Entonces se enfrentó al dueño de la casa.
– ¿Cómo está? -fue lo primero que le preguntó.
– Mal -no le restó intensidad el hombre-. Deprimido, desmotivado… No aguantará ni un mes, ni una semana más, y menos si le condenan. Es como si ya estuviese muerto. Dios… -el señor Venancio alzó las dos manos a la altura de las caderas, con las palmas hacia arriba, mostrándoselas tan desnudas como su conciencia-, ¿en qué nos equivocamos?
Carla no supo qué hacer o decir. Tampoco sabía si aquel plural se refería a él y a su esposa o si era por ella misma.
– No vas a dejarlo solo en la cárcel, ¿verdad?
Tragó saliva.
– No -se oyó decir.
– Diego siempre ha estado solo -su padre siguió hablando, como si no hubiera intercambiado palabra alguna con nadie en horas o días, como si contara aquello por primera vez-. Su madre nunca le prodigó una caricia. Jamás. Pero al menos estaba aquí -miró la salita vacía-. Aquí hasta que… se fue y…

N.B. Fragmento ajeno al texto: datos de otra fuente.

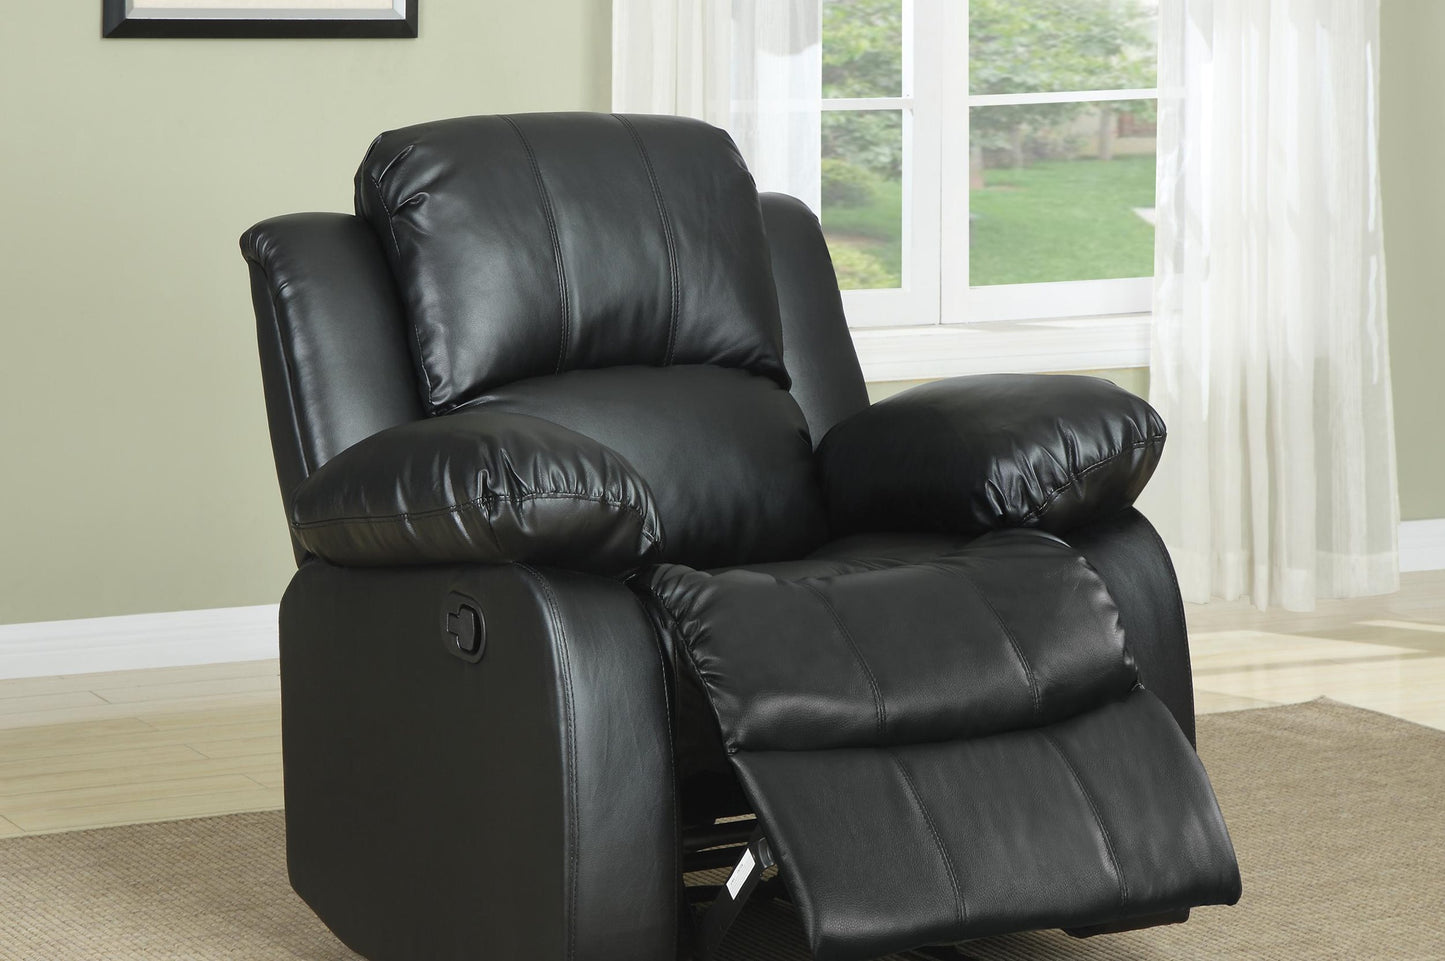 Homelegance Cranley Recliner Chair in Leather - Black

Sin saber por qué, pensó en sus padres, en la amenaza de su madre de separarse de él.
La angustia se apoderó de ella.
– Yo creo que por eso necesitó estar siempre rodeado de… -se la quedó mirando con la irresistible sensación de haber metido la pata.
– Puede decirlo -suspiró Carla-. Por eso necesitó estar siempre rodeado de chicas, novias…
– Diego no ha dejado de buscar desesperadamente el amor, la compañía, alguien con quien compartir…
– Era lo que tenía conmigo, señor Venancio.
– Lo sé, ¡lo sé! -apretó los puños y dio un paso hacia ella.
No quiso que la abrazara de nuevo. No estaba segura de poder resistir una segunda vez. Se movió en dirección a la ventana, cerrada, y la abrió de par en par para que el aire renovara el ambiente. El padre de Diego se quedó en mitad de la salita tan perdido como un pingüino en un desierto.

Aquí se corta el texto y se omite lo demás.